» **Task prompt**:
Print the listing exactly.

» **Supplied data**:

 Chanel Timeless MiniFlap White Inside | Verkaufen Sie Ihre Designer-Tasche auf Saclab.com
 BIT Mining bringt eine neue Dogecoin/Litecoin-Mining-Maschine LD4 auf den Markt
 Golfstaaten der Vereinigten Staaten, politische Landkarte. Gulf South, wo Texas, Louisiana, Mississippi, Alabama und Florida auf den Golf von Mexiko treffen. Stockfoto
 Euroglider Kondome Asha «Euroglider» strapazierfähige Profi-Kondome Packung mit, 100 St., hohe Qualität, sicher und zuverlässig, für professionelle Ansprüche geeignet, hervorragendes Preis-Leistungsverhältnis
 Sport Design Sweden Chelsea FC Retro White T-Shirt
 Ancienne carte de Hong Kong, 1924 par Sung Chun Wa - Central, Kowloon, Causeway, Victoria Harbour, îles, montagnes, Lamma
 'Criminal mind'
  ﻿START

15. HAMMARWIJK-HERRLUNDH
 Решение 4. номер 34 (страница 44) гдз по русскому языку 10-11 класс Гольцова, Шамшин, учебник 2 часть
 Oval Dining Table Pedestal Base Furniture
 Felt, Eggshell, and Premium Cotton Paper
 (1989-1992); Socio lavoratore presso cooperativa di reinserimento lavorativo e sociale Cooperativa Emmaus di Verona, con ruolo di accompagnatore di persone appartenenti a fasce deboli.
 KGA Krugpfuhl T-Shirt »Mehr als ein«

» **Solution below**:
 Chanel Timeless MiniFlap White Inside | Verkaufen Sie Ihre Designer-Tasche auf Saclab.com
 BIT Mining bringt eine neue Dogecoin/Litecoin-Mining-Maschine LD4 auf den Markt
 Golfstaaten der Vereinigten Staaten, politische Landkarte. Gulf South, wo Texas, Louisiana, Mississippi, Alabama und Florida auf den Golf von Mexiko treffen. Stockfoto
 Euroglider Kondome Asha «Euroglider» strapazierfähige Profi-Kondome Packung mit, 100 St., hohe Qualität, sicher und zuverlässig, für professionelle Ansprüche geeignet, hervorragendes Preis-Leistungsverhältnis
 Sport Design Sweden Chelsea FC Retro White T-Shirt
 Ancienne carte de Hong Kong, 1924 par Sung Chun Wa - Central, Kowloon, Causeway, Victoria Harbour, îles, montagnes, Lamma
 'Criminal mind'
  ﻿START

15. HAMMARWIJK-HERRLUNDH
 Решение 4. номер 34 (страница 44) гдз по русскому языку 10-11 класс Гольцова, Шамшин, учебник 2 часть
 Oval Dining Table Pedestal Base Furniture
 Felt, Eggshell, and Premium Cotton Paper
 (1989-1992); Socio lavoratore presso cooperativa di reinserimento lavorativo e sociale Cooperativa Emmaus di Verona, con ruolo di accompagnatore di persone appartenenti a fasce deboli.
 KGA Krugpfuhl T-Shirt »Mehr als ein«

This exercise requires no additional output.